I use it for repair work where I know there are some stains that don't scrub out. I would never try to shoot a whole house with it. I also just put it over 500 SF of wood paneling this week on a recommendation from other members. No bleed through at all. The knots bled right through the latex primer.


----------



## TNTRenovate

JackP23 said:


> Eggshell sucks!!! I try to educate my clients about the fact that you really can't touch it up. They usually come around.
> 
> It makes everything look like a subway restaurant!! :sad::sad::sad:
> 
> 
> __________
> Mike


Eggshell is about all I use, never had a problem touching it up.


----------



## blacktop

JackP23 said:


> Eggshell sucks!!! I try to educate my clients about the fact that you really can't touch it up. They usually come around.
> 
> It makes everything look like a subway restaurant!! :sad::sad::sad:
> 
> 
> __________
> Mike


Sherwin Williams ?


----------



## hdavis

TNTSERVICES said:


> Eggshell is about all I use, never had a problem touching it up.


He's probably using a different paint AND primer, or at least a different primer.


----------



## 66 Shelby

TNTSERVICES said:


> Eggshell is about all I use, never had a problem touching it up.


What brand of Eggshell are you using?


----------



## JackP23

blacktop said:


> Sherwin Williams ?


Raking light.....Sherwin Williams.....doesn't matter....I see it...don't you? :laughing:

I like the way the millwork stands out with a matte or flat....guess it's just personal preference.

_____
Mike


----------



## EricBrancard

JackP23 said:


> Raking light.....Sherwin Williams.....doesn't matter....I see it...don't you? :laughing:
> 
> I like the way the millwork stands out with a matte or flat....guess it's just personal preference.
> 
> _____
> Mike


I do as well. I use mostly flats on walls with some matte finish. Pearl/satin on the millwork. I like a nice "glow" from the woodwork to stand off the flat of the wall as opposed to everything looking like it could stand up to a powerwash.


----------



## CarpenterSFO

Most common for me is eggshell on the ceiling, matte or flat on the walls, semi-gloss on the millwork.


----------



## JackP23

EricBrancard said:


> I do as well. I use mostly flats on walls with some matte finish. Pearl/satin on the millwork. I like a nice "glow" from the woodwork to stand off the flat of the wall as opposed to everything looking like it could stand up to a powerwash.

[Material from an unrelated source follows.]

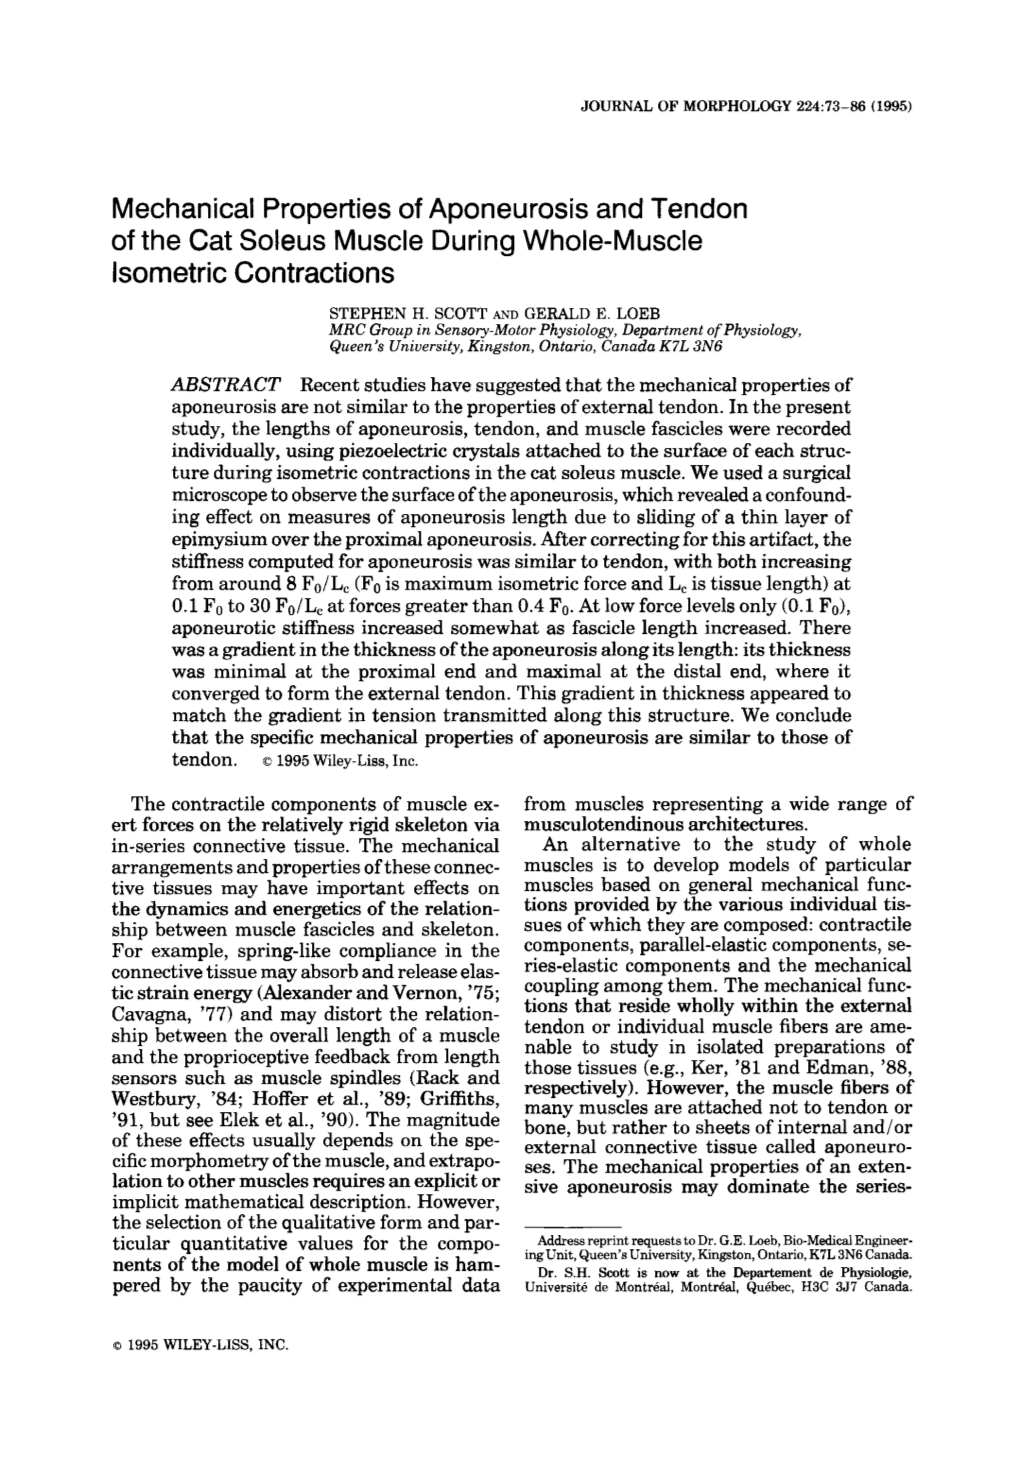 Mechanical Properties of Aponeurosis and Tendon of the Cat Soleus Muscle During Whole-Muscle Isometric Contractions
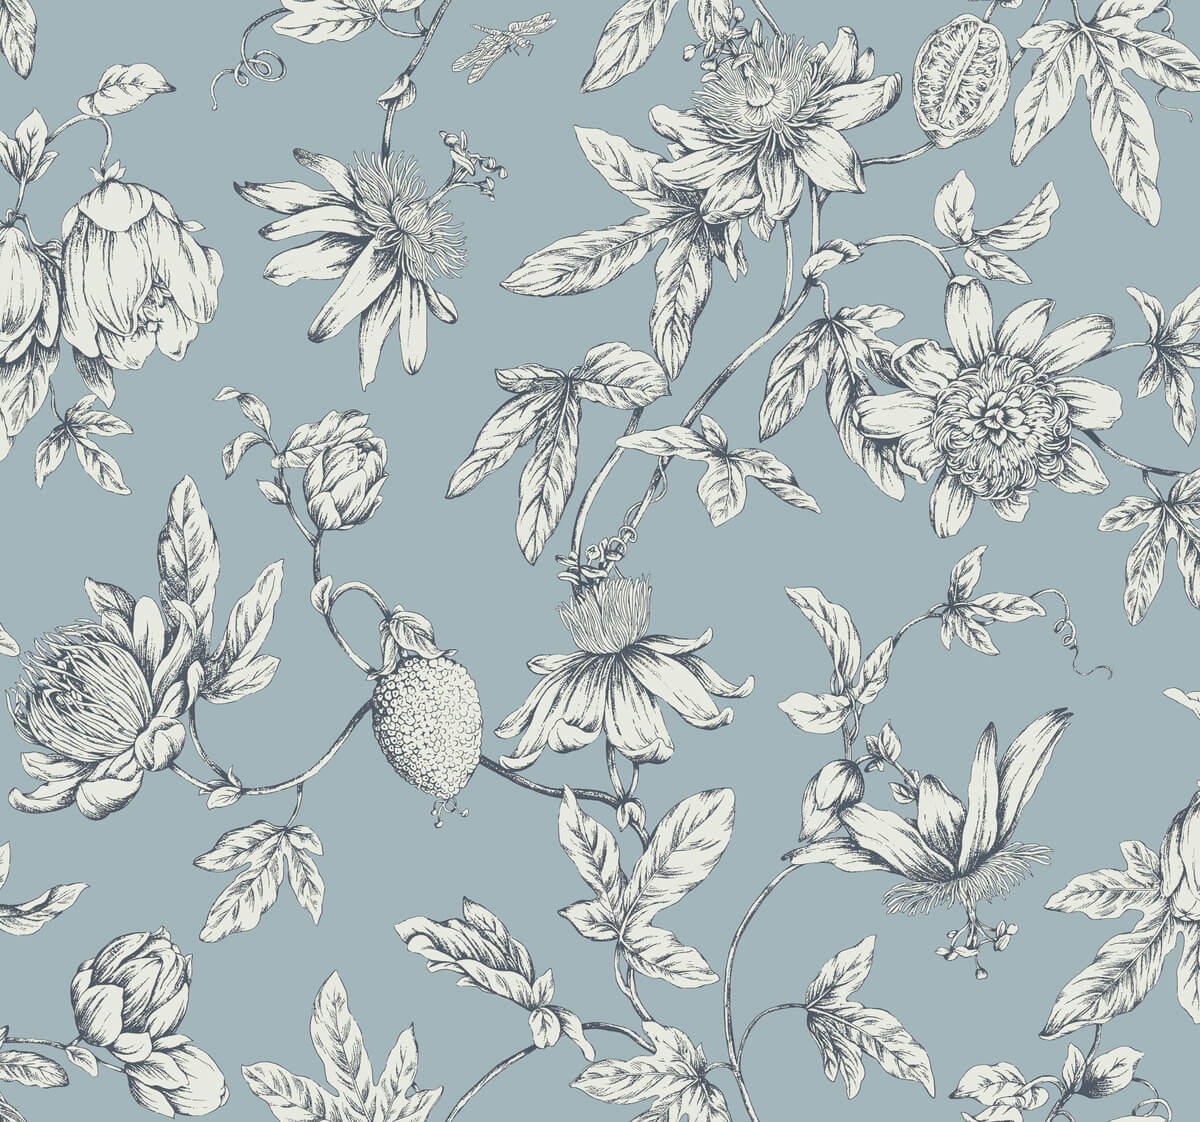 Toile Resource Library Passion Flower Toile Wallpaper - Blue

Elegance man....pure elegance! :thumbsup:


__________
Mike


----------



## hdavis

Pretty much eggshell everything, semigloss on millwork. Whatever is requested, and this one is the most common. I've done some interesting tinted flat ceilings - winter sky looked pretty cool.


----------



## Xtrememtnbiker

hdavis said:


> Pretty much eggshell everything, semigloss on millwork. Whatever is requested, and this one is the most common. I've done some interesting tinted flat ceilings - winter sky looked pretty cool.


Same here. The differences around the country are interesting...


----------



## EricBrancard

Any of you guys have a few standard trim colors that you default to if it's not spec'd?


----------



## hdavis

Xtrememtnbiker said:


> Same here. The differences around the country are interesting...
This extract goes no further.